At 1700hrs, our major upstream provider's RADIUS simply disappeared. Like magic. You could ping it, port into it and everything, but interrogating it for RADIUS packets yielded absolutely nothing. Thankfully, being multi-provided, customers using our other minor upstream provider were unaffected, and our DSL customers had no issue either. But a good 60% of all of our business is run through our major provider's dial-up service.....and all of it disappeared when our auth systems did. So anyone using our dial-up services in that provider were immediately returned auth issues (the infamous Windows 691 error).
Oh and how the heavens did drown in the fury of our technicians, and verily the fiery chasms of hell did open to vomit up our customers in an evil mood. :)
An issue of this magnitude usually results in us network reps reaching for the big red handle labelled Auth All - but how can you automatically authenticate packets you don't even receive? No go: we didn't even have that to fall back on.
Now, having been on that same helpdesk myself until recently, I could sympathise with them, having to immediately deal with waves of mad customers demanding to be put back online, regardless of the IVR management had placed on the incoming call queue (do customers even bother listening to those messages???). It eventually got to the point many of the technicians automatically trotted out lines much like this as soon as they picked up each call :
Welcome to your.isp.net, and thank you for your patience. If you are calling regards to authenication issues, or 691 errors, please be advised there is a national outage at the moment with no current ETA. If you still wish to speak to a technician, please remain on the line.
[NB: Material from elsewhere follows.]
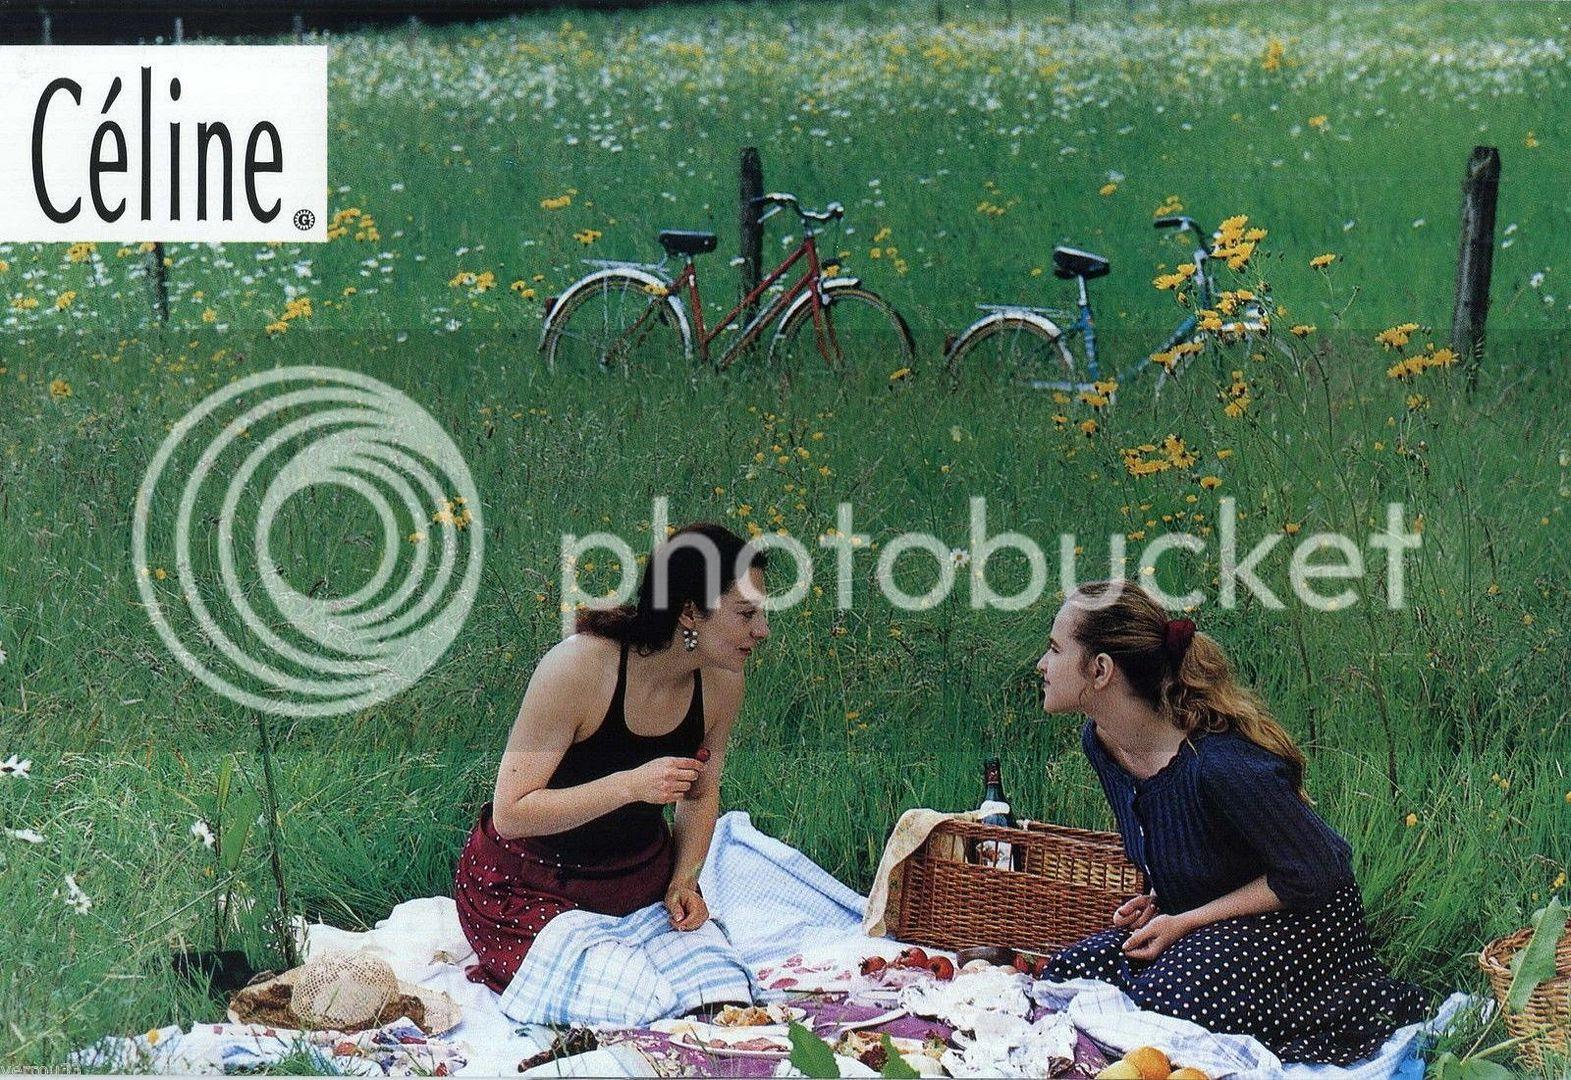 photo poster_celine-1.jpg
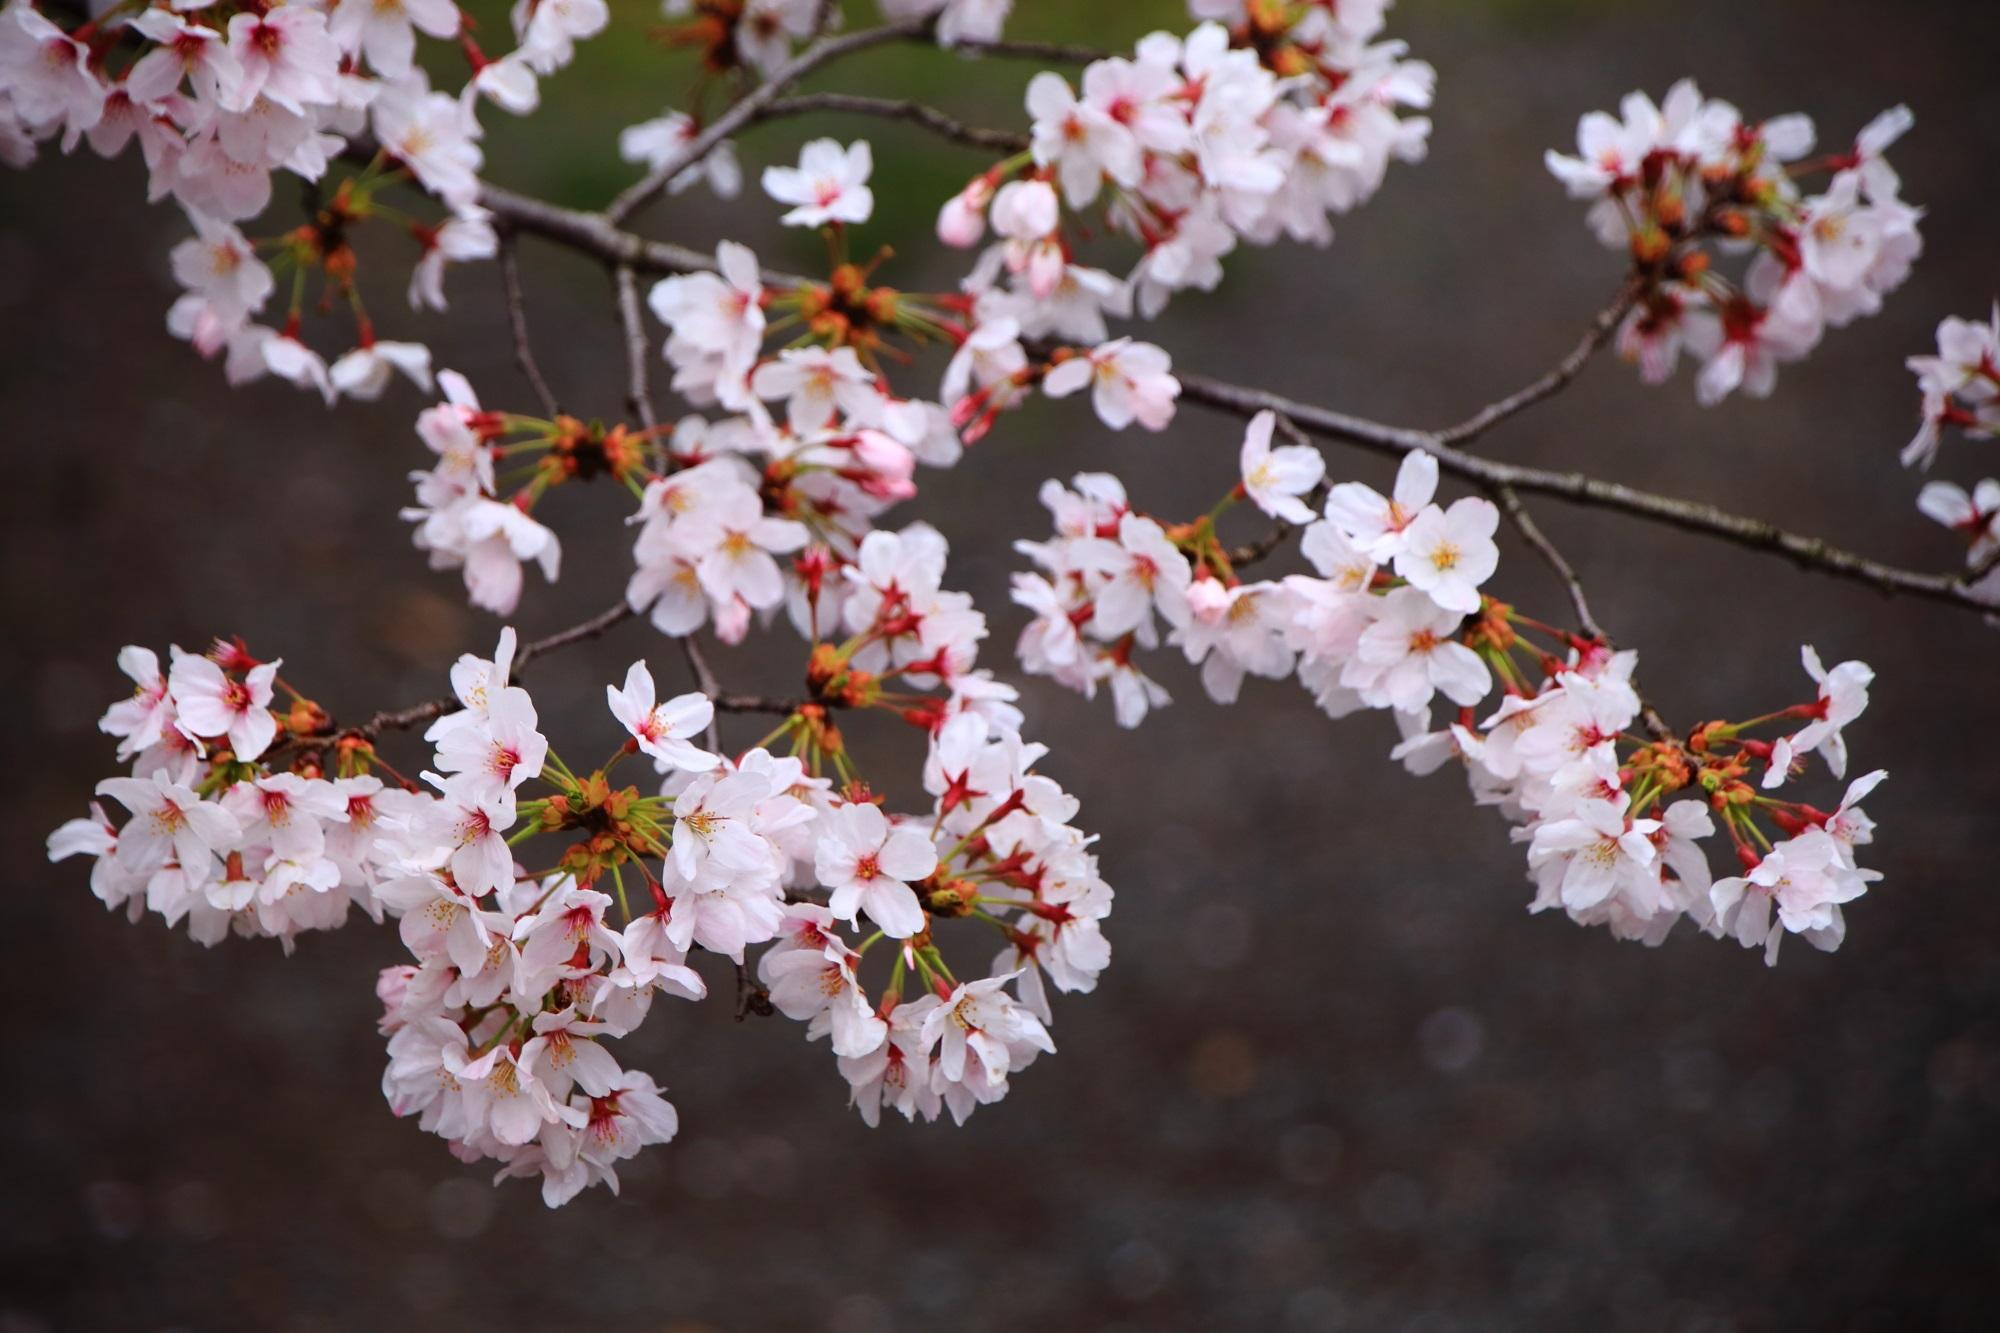 結構低い位置にも枝が伸びて地面をも春色に彩る桜

Meanwhile, as the only network rep attempting to liase with our upstreams, development crew, and network engineers (all at physically seperate locations some suburbs away), getting information out to the supervisors on the floor as soon as possible became my priority. But you can't really instil confidence to a floor looking up at you for information when the upstreamer's engineers themselves simply don't know what broke and are still searching for the problem.....for the next 6 hours.
*head-desk head-desk head-desk*
Of course, we might have made it through the night.....if the sheer number of incoming customer calls hadn't completely shat our PABX and lead to a very messy telephone systems crash. Suddenly over 200 pods on the floor were effectively cut off from the outside world.
*sharpens razor* *poise over wrist*
Ever administered a helpdesk in peak evening period and it's damn near silent? As much as the techs and salespeople liked the break, it was damn near spooky, I'll tell you. Eventually we got our backup phone system up, but that had no intelligent queue-sort system operative, and it was like literally picking up calls from a blind stack, not knowing what department the customer wanted, and copping a lot of customer angst in the mean-time. Later attemtps to restart, kick-start, curse-start, threaten, cajole, hack, bypass and eventually switch modules couldn't stand up to the traffic and the phonesystem kept crashing.....another seven times in total, apparently.
I guess it could have been worse: our customer databse could have crashed along with everything else, and then we could have gone completely blind! *sarcastic cheer*
And now I'm home: it's still going on but I can't summon the energy to care, to be honest. Need aspirin. And preferably something very alcoholic.